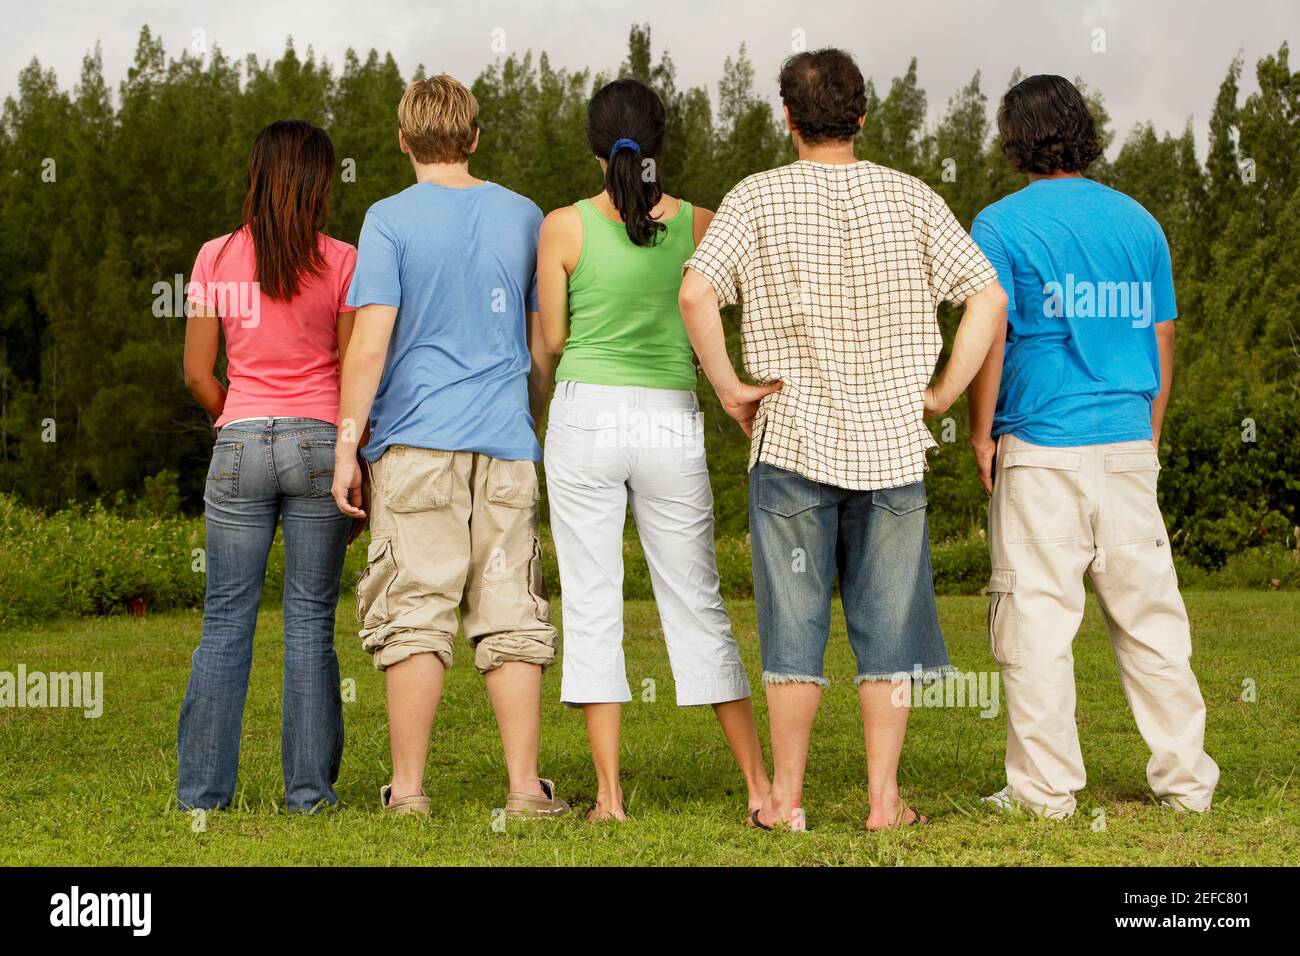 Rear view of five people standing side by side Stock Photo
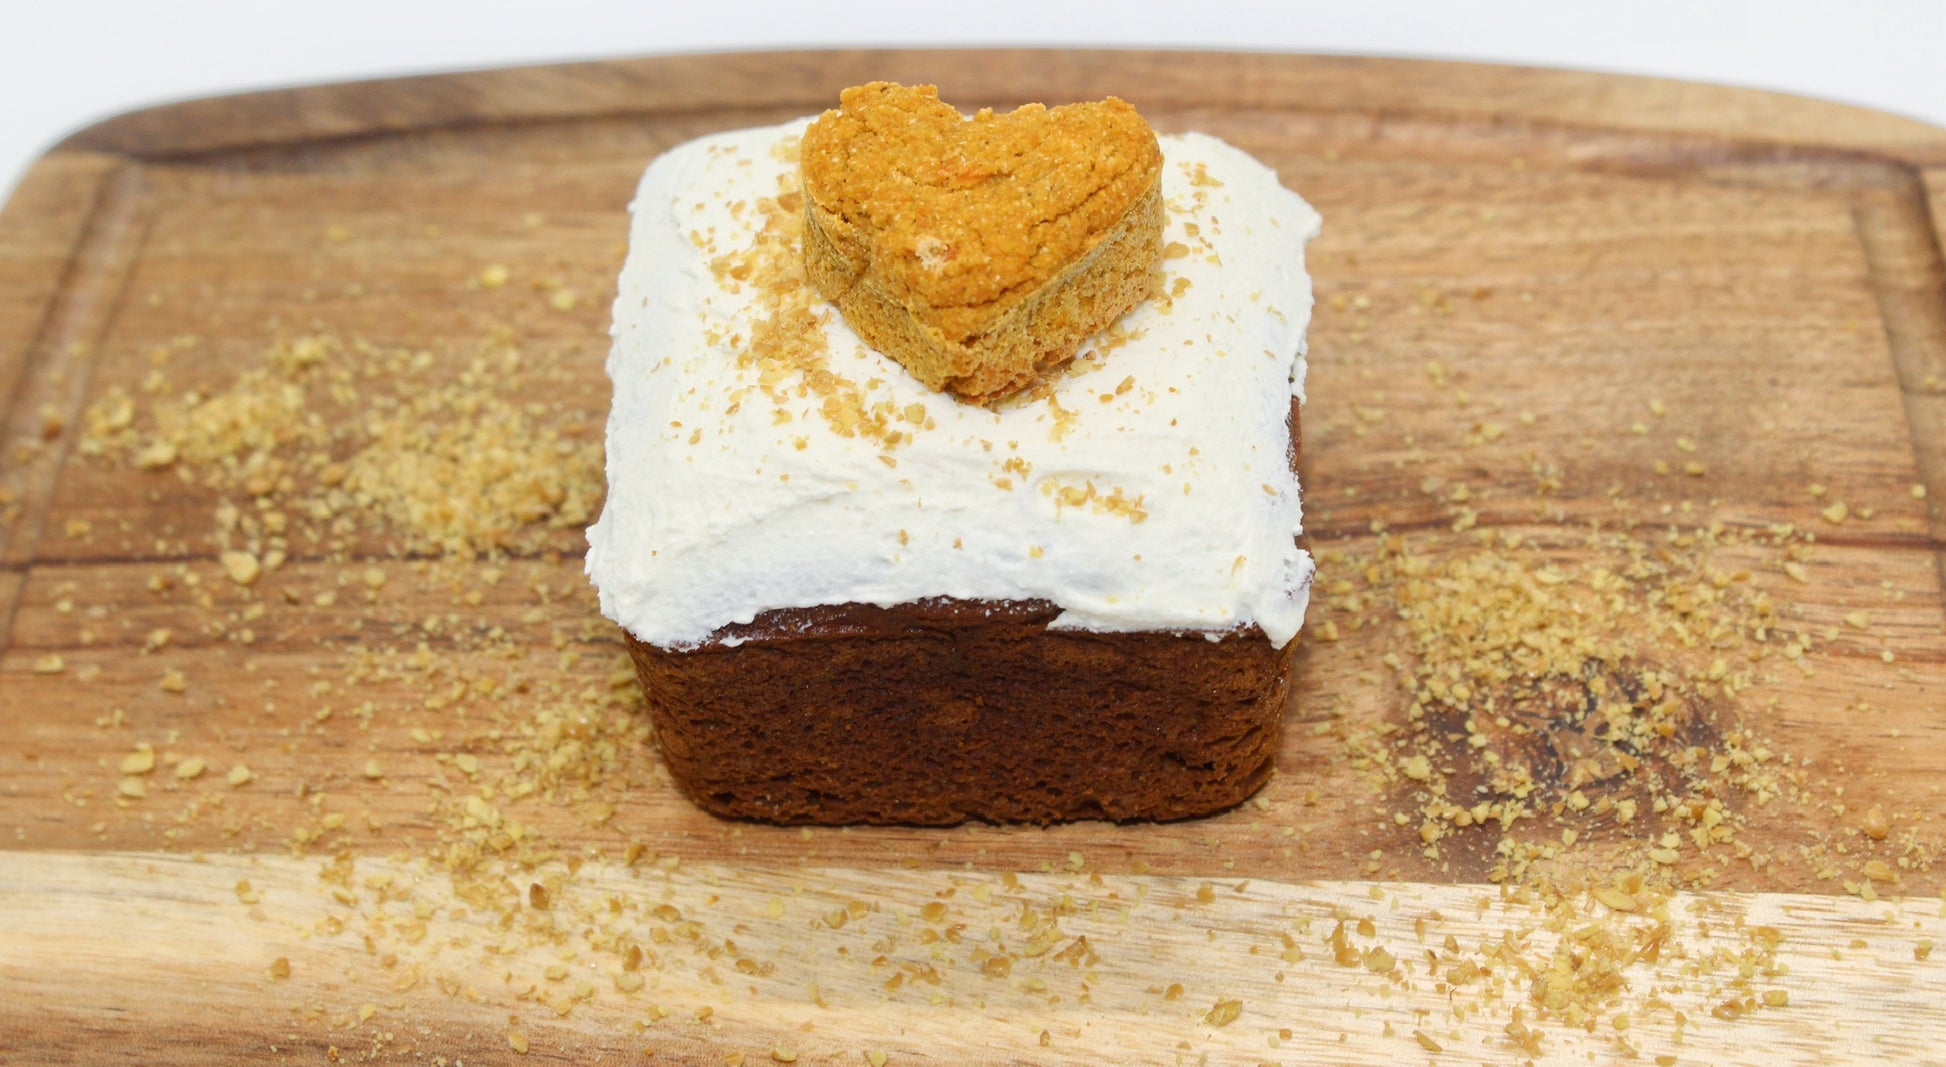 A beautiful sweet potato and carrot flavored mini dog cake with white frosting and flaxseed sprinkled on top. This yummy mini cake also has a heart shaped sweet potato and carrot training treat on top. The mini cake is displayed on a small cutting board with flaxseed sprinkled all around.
==
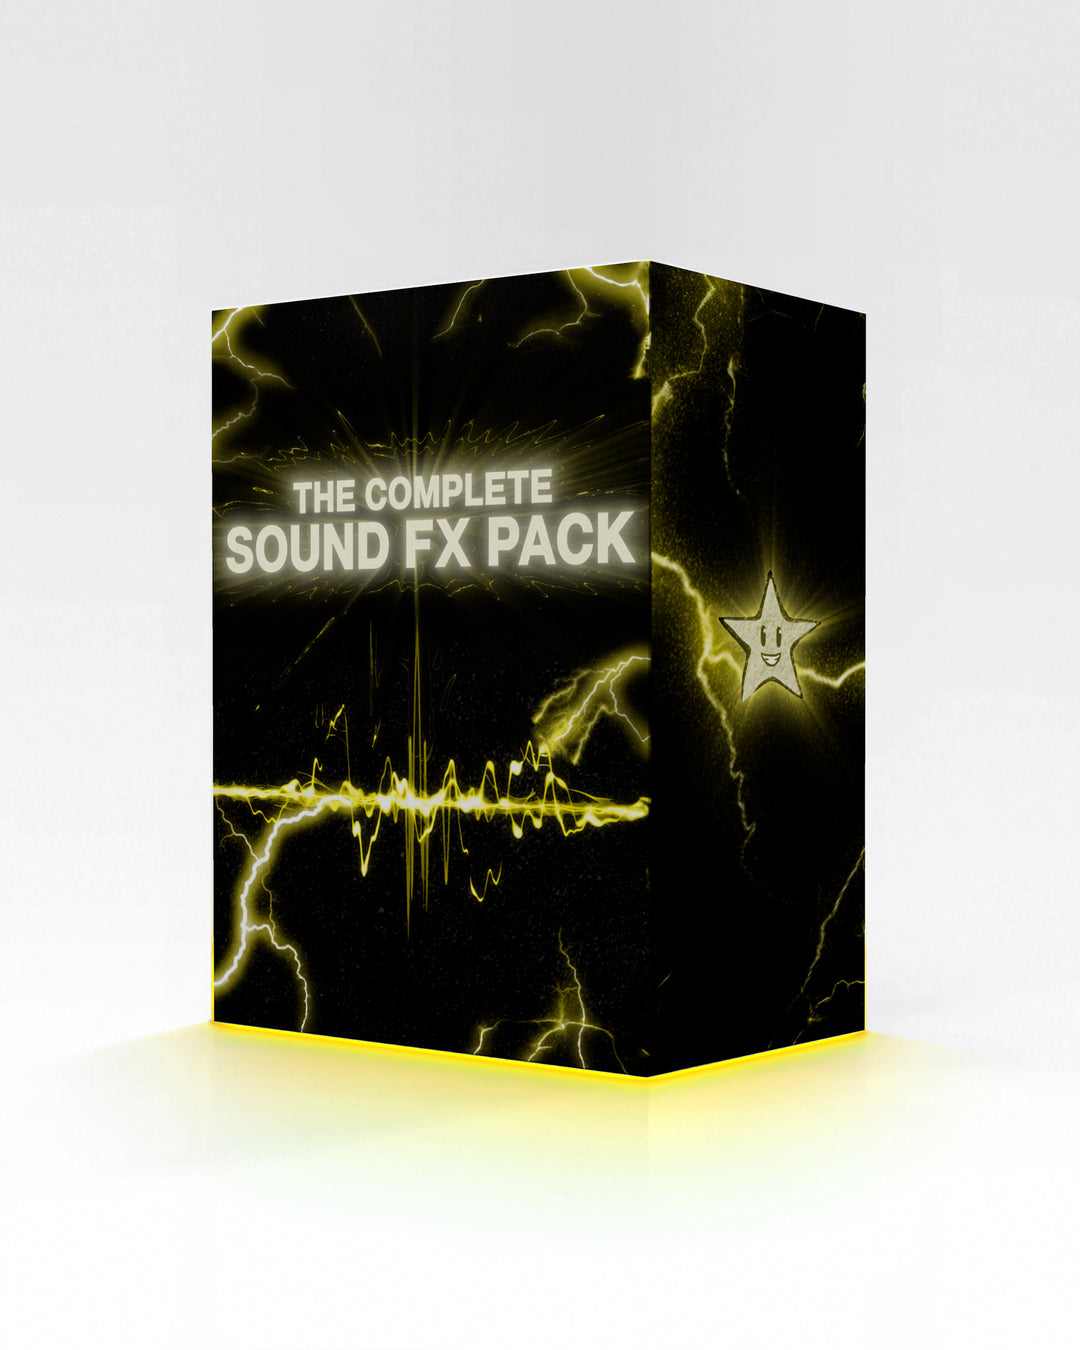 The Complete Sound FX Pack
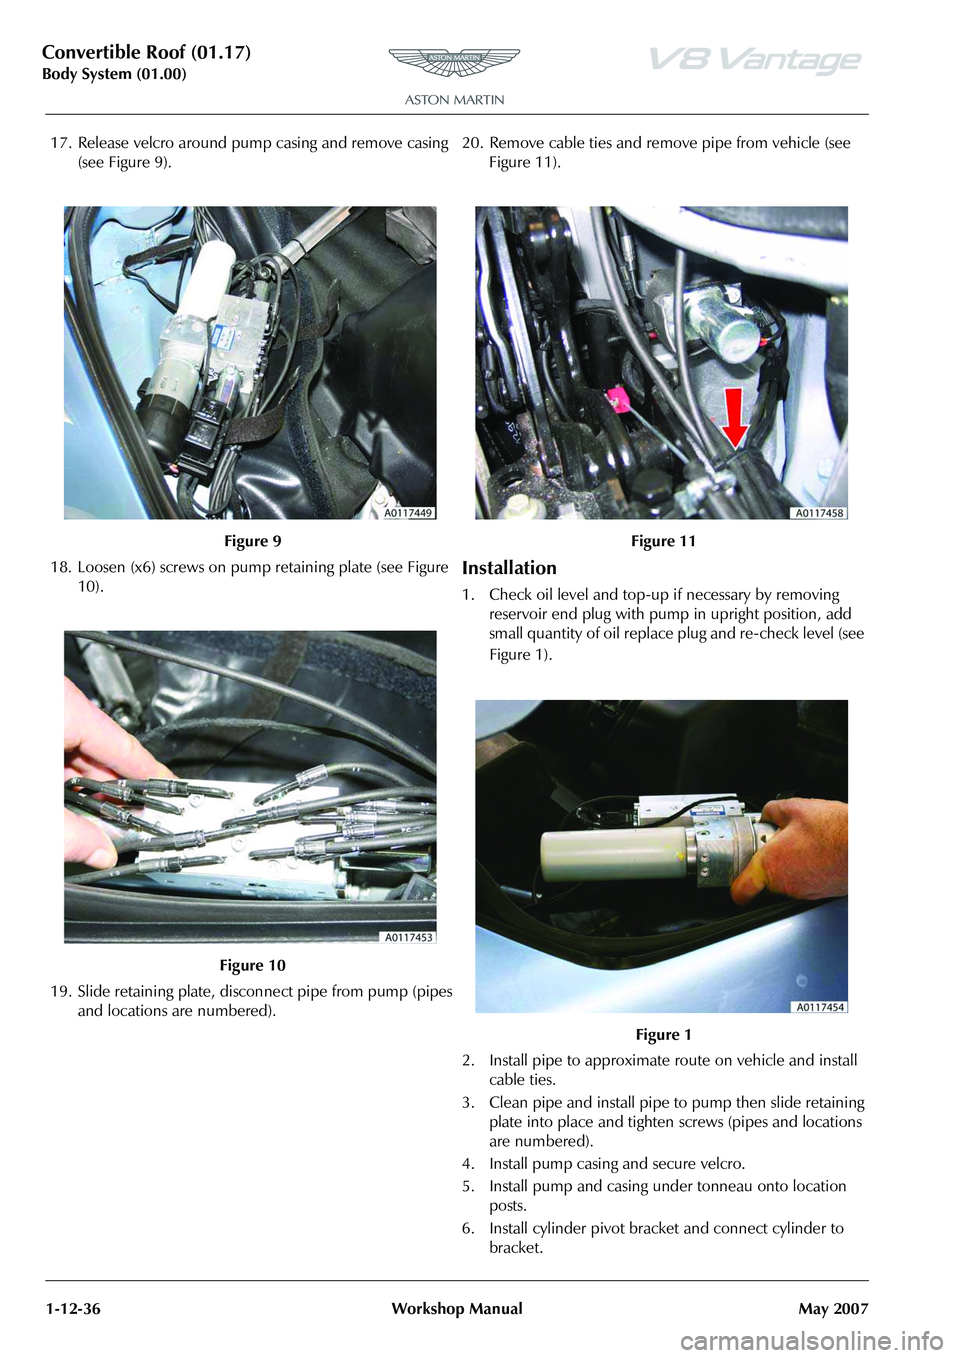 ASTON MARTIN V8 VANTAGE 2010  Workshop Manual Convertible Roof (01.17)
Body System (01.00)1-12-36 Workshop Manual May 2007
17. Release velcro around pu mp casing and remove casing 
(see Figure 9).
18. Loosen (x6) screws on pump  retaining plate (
* * *
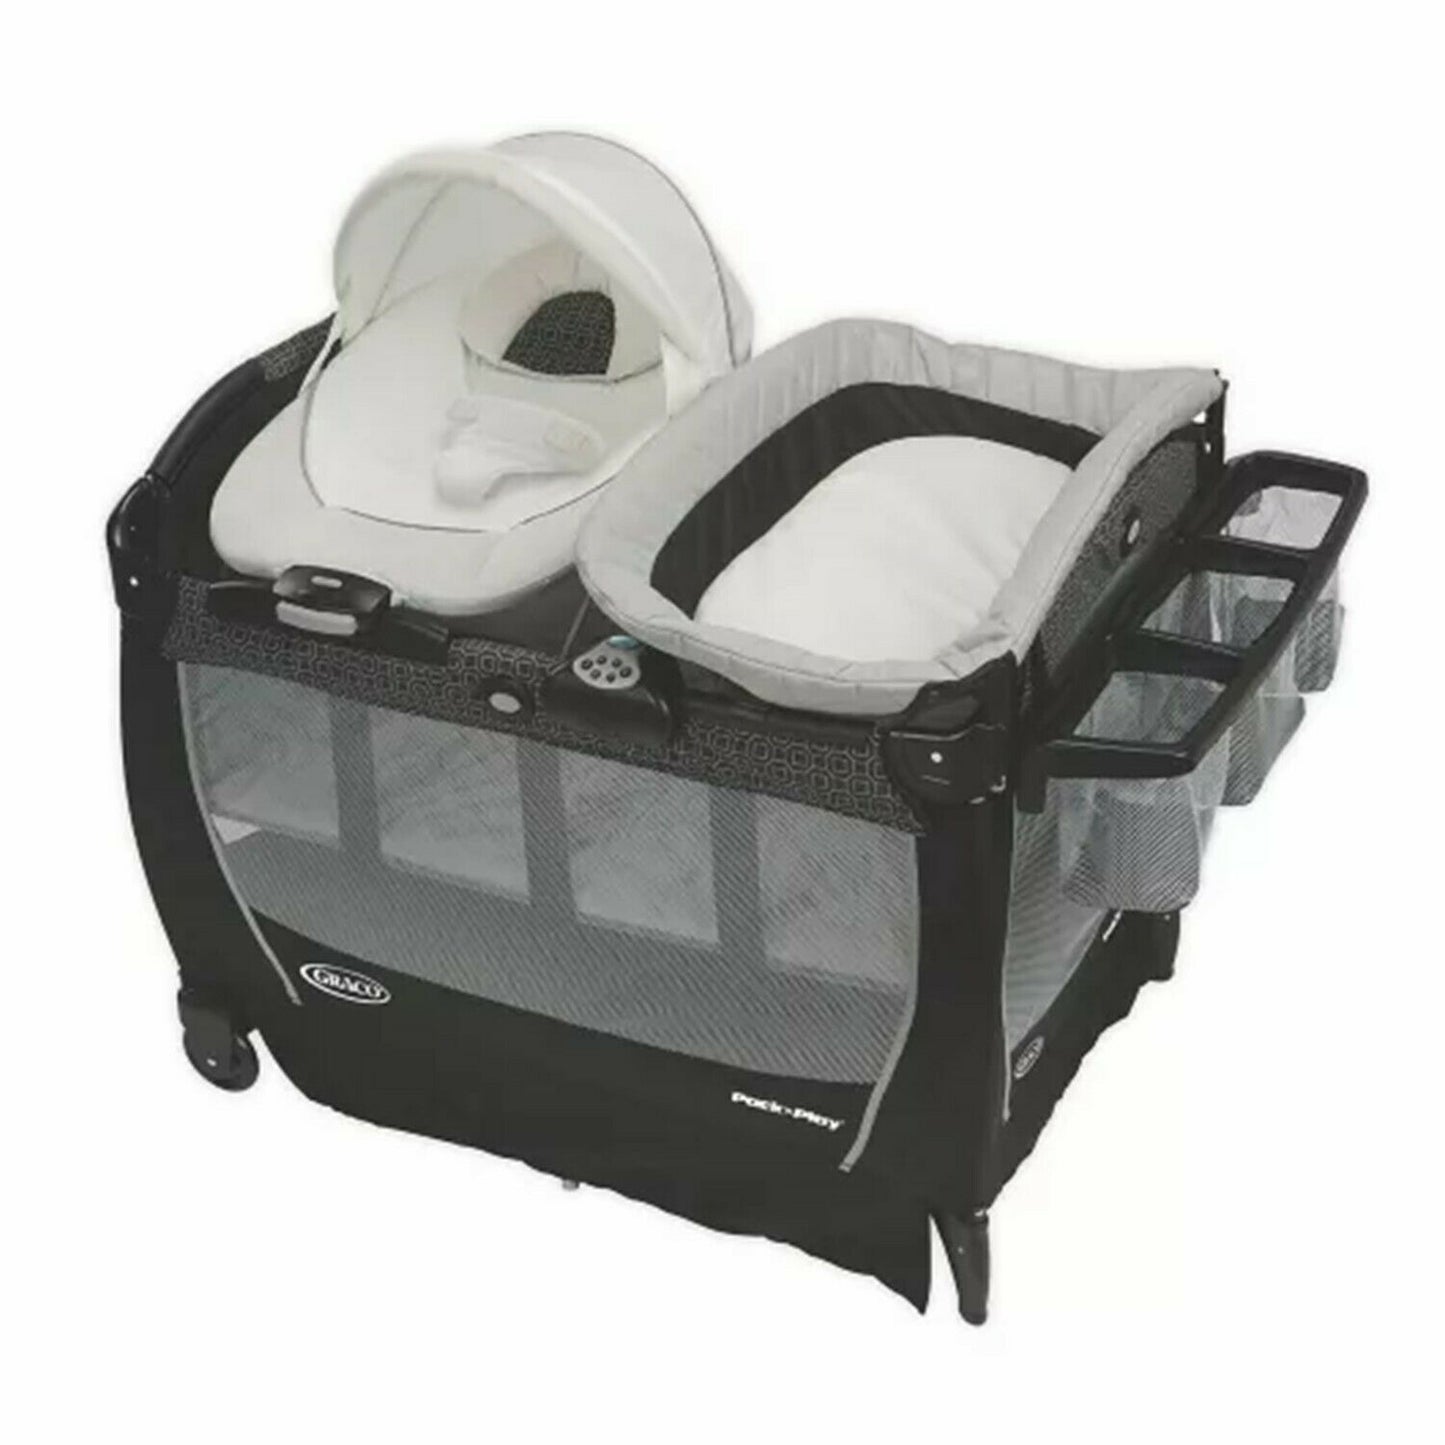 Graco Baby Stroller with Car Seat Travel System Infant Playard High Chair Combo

_WHAT YOU ARE ASKED TO DO_
The lines to extract from the data above begin with the line containing "(see Figure 9)." and end with the line containing "18. Loosen (x6)". Extract them exactly, including both.

_SOLUTION FOR THIS PROBLEM_
(see Figure 9).
18. Loosen (x6) screws on pump  retaining plate (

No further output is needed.